Voilà sans doute le programme que se sont déjà tracé nos amis espagnols…


Je reparlerai plus loin de l’Espagne, et des mouvements qui s’y produisirent dans l’été de 1873.


Les arrestations faites en France en décembre 1872 eurent pour conséquence plusieurs procès, dont les deux principaux furent celui de Denfraygues à Toulouse (10-28 mars 1873) et celui de Van Heddeghem à Paris (10 mars). Je ne les raconterai pas en détail ; je me bornerai à reproduire une lettre de moi, une lettre de Jules Guesde, et un extrait d’un article du Bulletin.

Le 7 février 1873, avant le commencement des procès, j’écrivais ce qui suit à un international belge, à Verviers[1] :


Serraillier nous a écrit une lettre pour éreinter ce citoyen Bousquet qu’on avait proposé d’exclure à la Haye. Le Comité fédéral jurassien avait décidé l’insertion de cette lettre au Bulletin, en témoignage de notre impartialité[2]. Mais après ce qui vient de se passer dans l’Hérault et ailleurs, il me semble que ce serait un acte de la plus haute imprudence que de continuer dans nos colonnes une discussion relative à un homme qui habite Béziers, et de le désigner tout haut comme membre de l’Internationale. Qu’en pensez-vous ? Croyez-vous qu’il vaille mieux, dans l’intérêt de nos amis poursuivis en France, supprimer la lettre de Serraillier ; ou bien que, mettant la réputation de bonne foi du Bulletin au-dessus de la sécurité de nos amis, nous devions insérer la lettre quand même ?

J’ai reçu une lettre du fameux Cuno, président de la Commission d’enquête sur l’Alliance. Il m’écrit d’Amérique, où il paraît avoir fondé une section, et sa lettre est si cocasse que nous nous empresserons de la publier dans le Bulletin, comme d’ailleurs il le réclame[3].

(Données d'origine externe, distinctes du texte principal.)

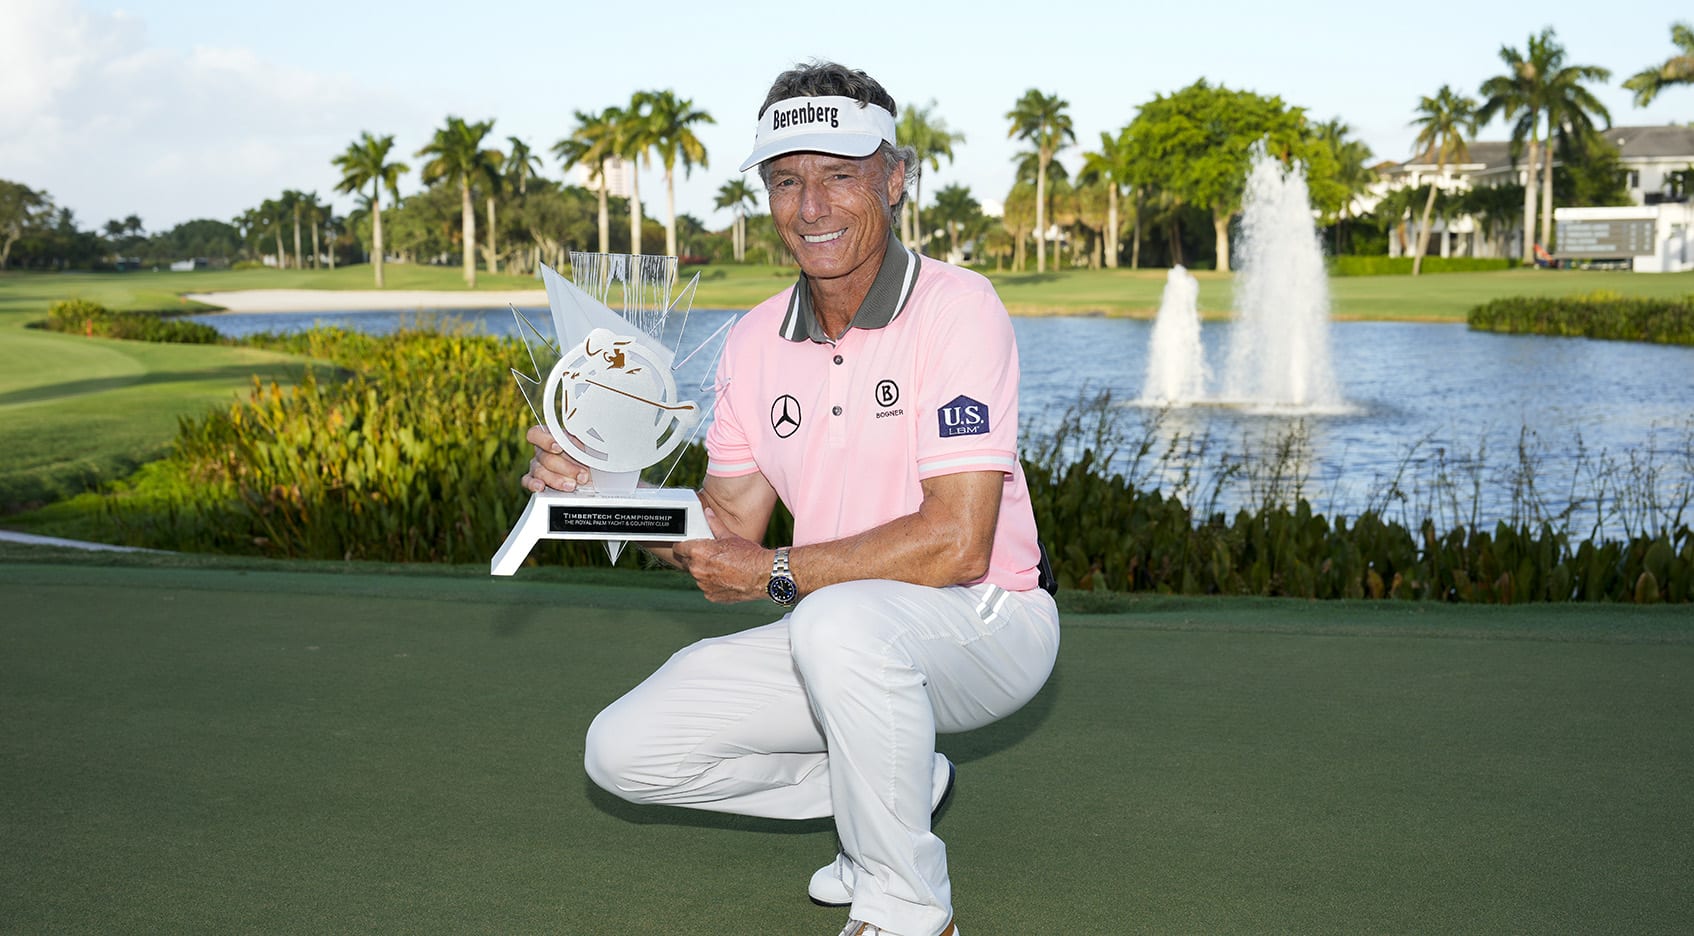 BOCA RATON, FLORIDA - NOVEMBER 06: Bernhard Langer of Germany celebrates with the trophy on the 18th green during the final round of the TimberTech Championship at Royal Palm Yacht & Country Club on November 06, 2022 in Boca Raton, Florida. (Photo by Raj Mehta/Getty Images)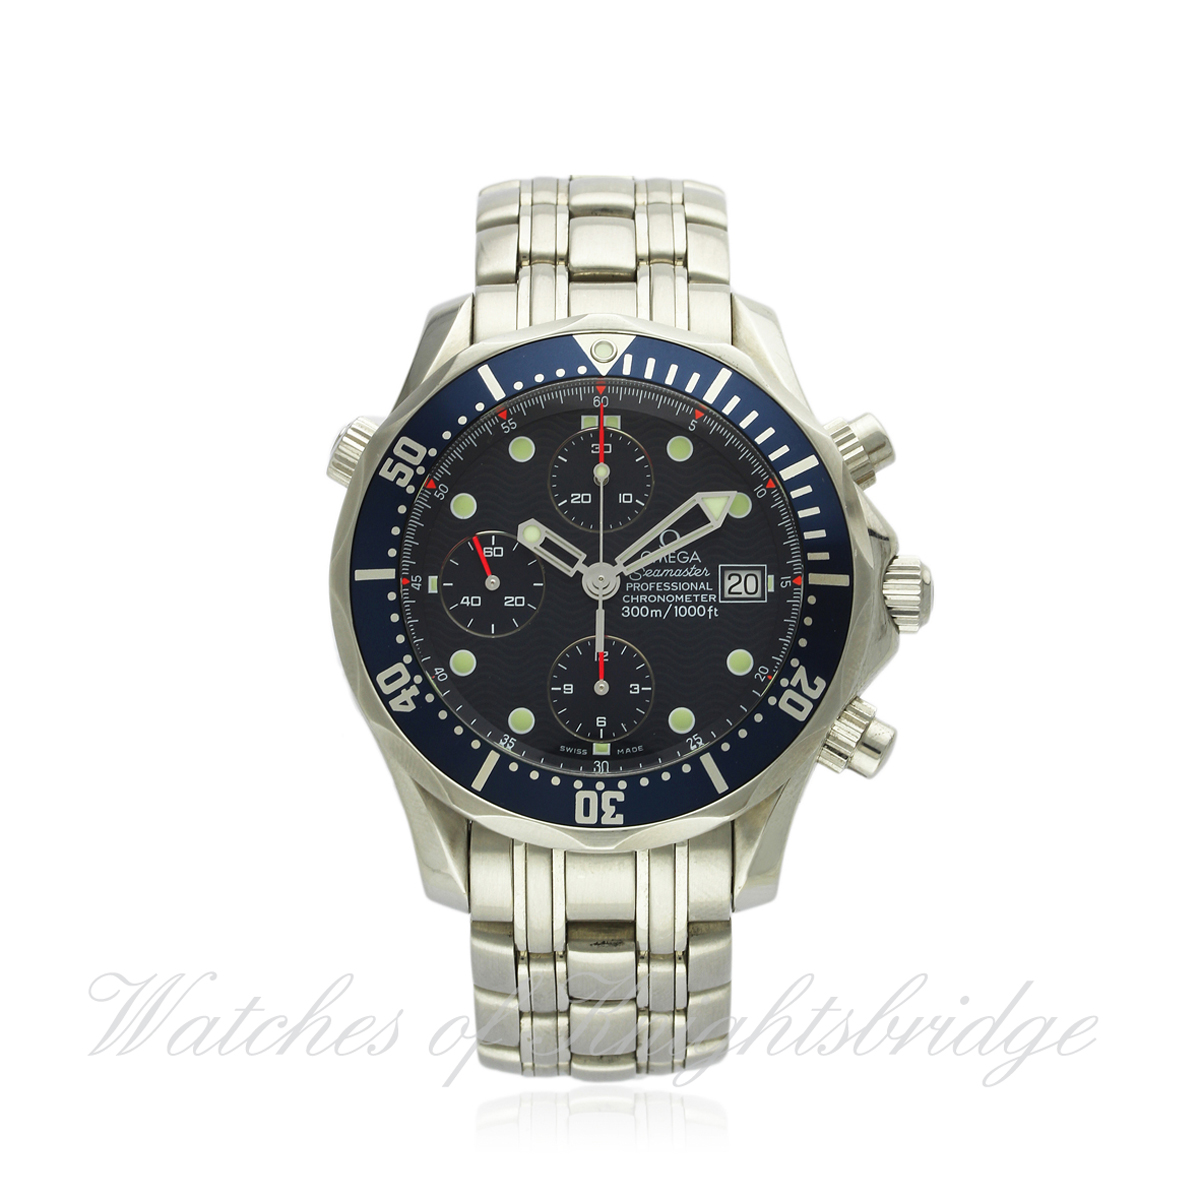 A GENTLEMAN`S STAINLESS STEEL OMEGA SEAMASTER PROFESSIONAL 300M CHRONOGRAPH BRACELET WATCH DATED

  1. Lettre publiée par Nettlau dans sa biographie de Bakounine, p. 746.
  2. Voir ci-dessus p. 38.
  3. Cette lettre, qui portait le timbre de la Section 29, de Paterson, était relative au Congrès de Saint-Imier. Cuno l’ayant aussi envoyée à d’autres journaux, qui l’insérèrent, le Bulletin ne la publia pas. La lettre était signée : « Federico Capestro (au Congrès de la Haye sous le nom de Cuno) ». Le Bulletin se contenta de cette remarque : « La mascarade du Congrès de la Haye se continue de l’autre côté de l’Océan. S’appelle-t-il Cuno ? s’appelle-t-il Capestro ? Mystère ! L’homme qui s’acquitta d’une façon si grotesque du rôle de président de la Commission d’enquête sur l’Alliance persiste à couvrir son individualité d’un voile impénétrable. Laissons-le dans cette obscurité et occupons-nous de choses sérieuses. » Engels, dans une lettre à Sorge du 20 mars 1873, se plaint de la maladresse de Cuno, qui compromet l’ancien Conseil général.